Random projection tree similarity metric for SpectralNet
This is an incremental improvement for graph clustering methods, specifically enhancing SpectralNet's performance and efficiency.
The authors tackled the problem of improving SpectralNet's graph clustering by replacing the standard k-nn graph similarity metric with one based on random projection trees (rpTrees), resulting in better clustering accuracy and reduced sensitivity to rpTree parameters like leaf size and projection direction.

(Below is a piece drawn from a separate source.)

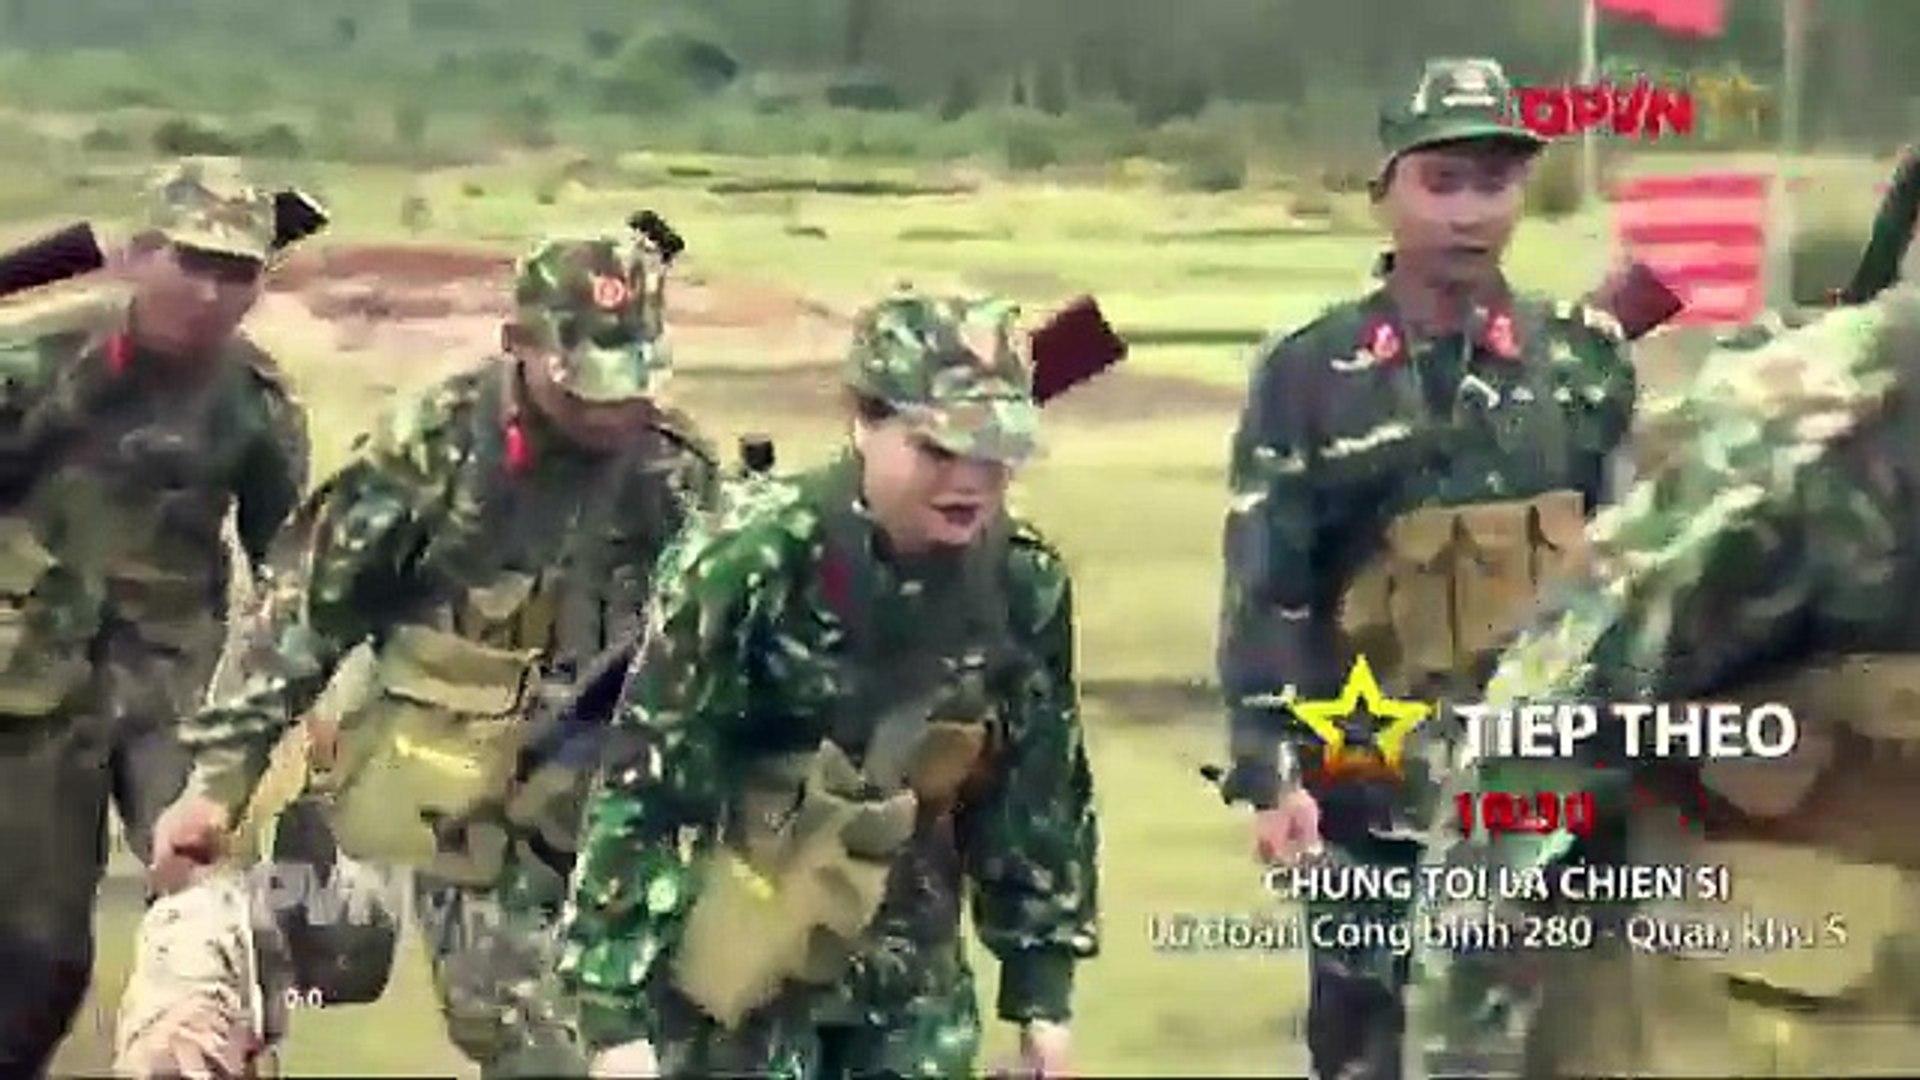 Tập 10 - Những người lính thực thụ - Sao nhập ngũ SS6 Biệt đội chống độc - QPVN - Bản chuẩn pilikeyo

SpectralNet is a graph clustering method that uses neural network to find an embedding that separates the data. So far it was only used with $k$-nn graphs, which are usually constructed using a distance metric (e.g., Euclidean distance). $k$-nn graphs restrict the points to have a fixed number of neighbors regardless of the local statistics around them. We proposed a new SpectralNet similarity metric based on random projection trees (rpTrees). Our experiments revealed that SpectralNet produces better clustering accuracy using rpTree similarity metric compared to $k$-nn graph with a distance metric. Also, we found out that rpTree parameters do not affect the clustering accuracy. These parameters include the leaf size and the selection of projection direction. It is computationally efficient to keep the leaf size in order of $\log(n)$, and project the points onto a random direction instead of trying to find the direction with the maximum dispersion.